EDIT: eyeballfrog's answer says that the correct way is $v_0=R_2R_1v_2$. You also said in your question that obviously, $R_2R_1\neq R_1R_2$. So the answers we provided seem inconsistent. However, consider that both $$ [x]_0=[R_1]_0^0[R_2]_1^1[x]_2 $$ and $$ [x]_0=[R_2]_0^0[R_1]_0^0[x]_2 $$ In fact, $[R_1]_0^0[R_2]_1^1=[R_2]_0^0[R_1]_0^0$, so if you don't use coordinate transformations carefully, it looks like we would have $R_1R_2=R_2R_1$ - however, if we use the $[\cdot]$ notation, the confusion disappears as the $R$'s represent rotations in different bases. So in fact both answers are correct, it just amounts to different coordinate expressions.

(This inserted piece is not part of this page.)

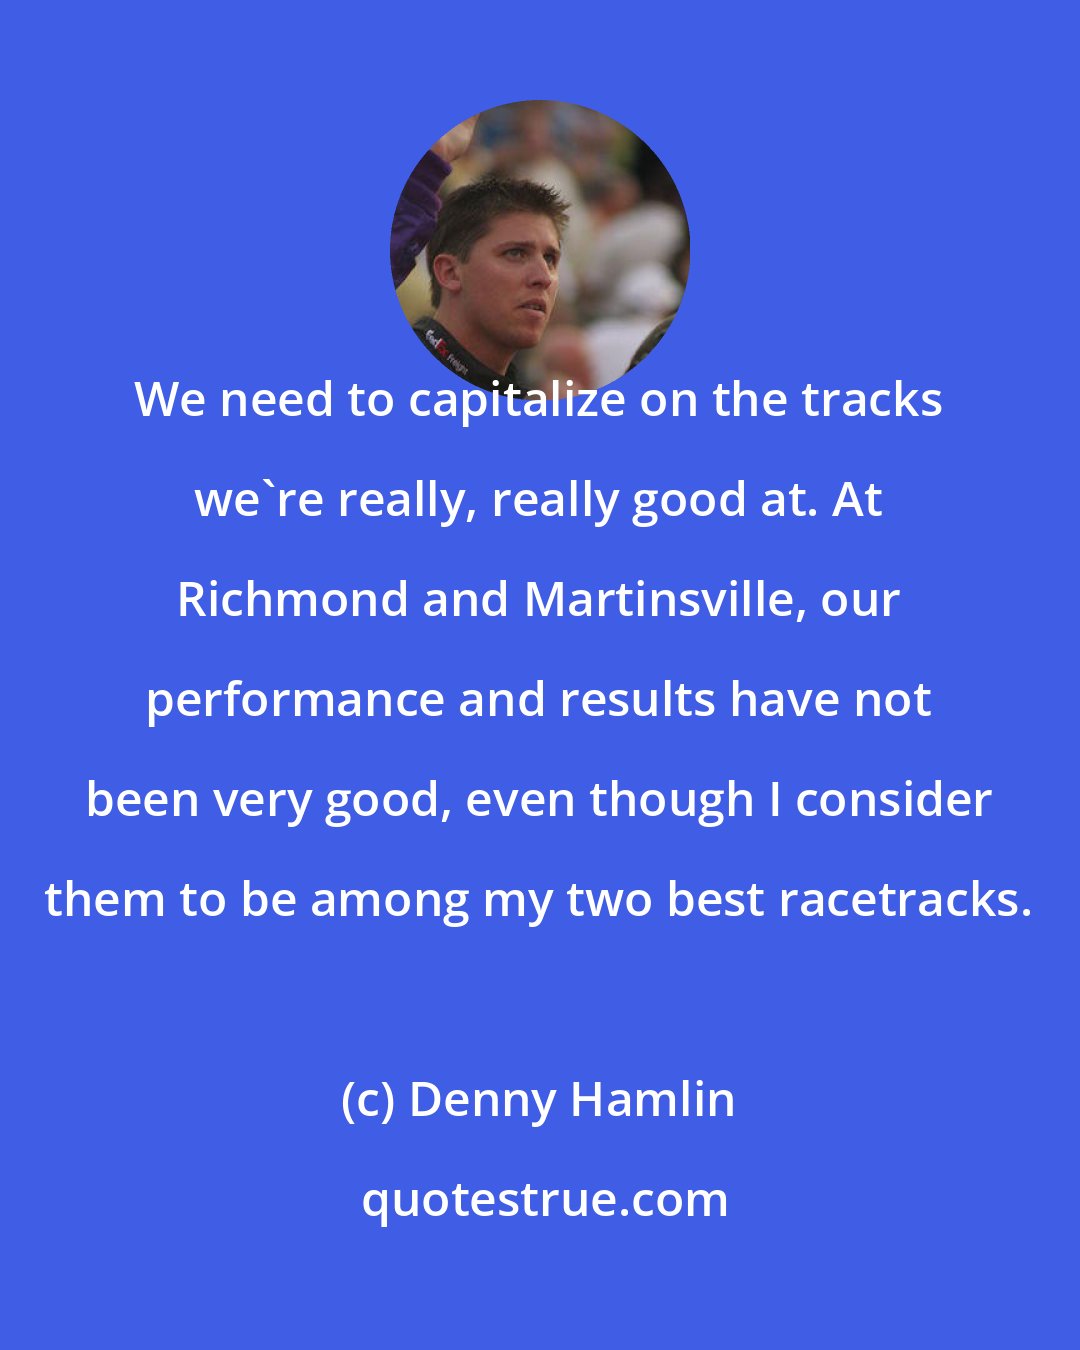 Denny Hamlin: We need to capitalize on the tracks we're really, really good at. At Richmond and Martinsville, our performance and results have not been very good, even though I consider them to be among my two best racetracks.

EDIT: Also, what about defining $R_3=R_2R_1$, is everything still consistent? Well, since $R_3$ takes $\mathcal{B}_0$ to $\mathcal{B}_2$, we have $[R_3]_0^0=[\mathrm{Id}]_0^2=[\mathrm{Id}]_0^1[\mathrm{Id}]_1^2=[R_1]_0^0[R_2]_1^1$. It looks like $R_1$ and $R_2$ have flipped - but this is actually just what needs to happen. Indeed, we already know the first equality in the following line: $$ [R_1]_0^0[R_2]_1^1=[R_2]_0^0[R_1]_0^0=[R_2R_1]_0^0=[R_3]_0^0 $$ as required.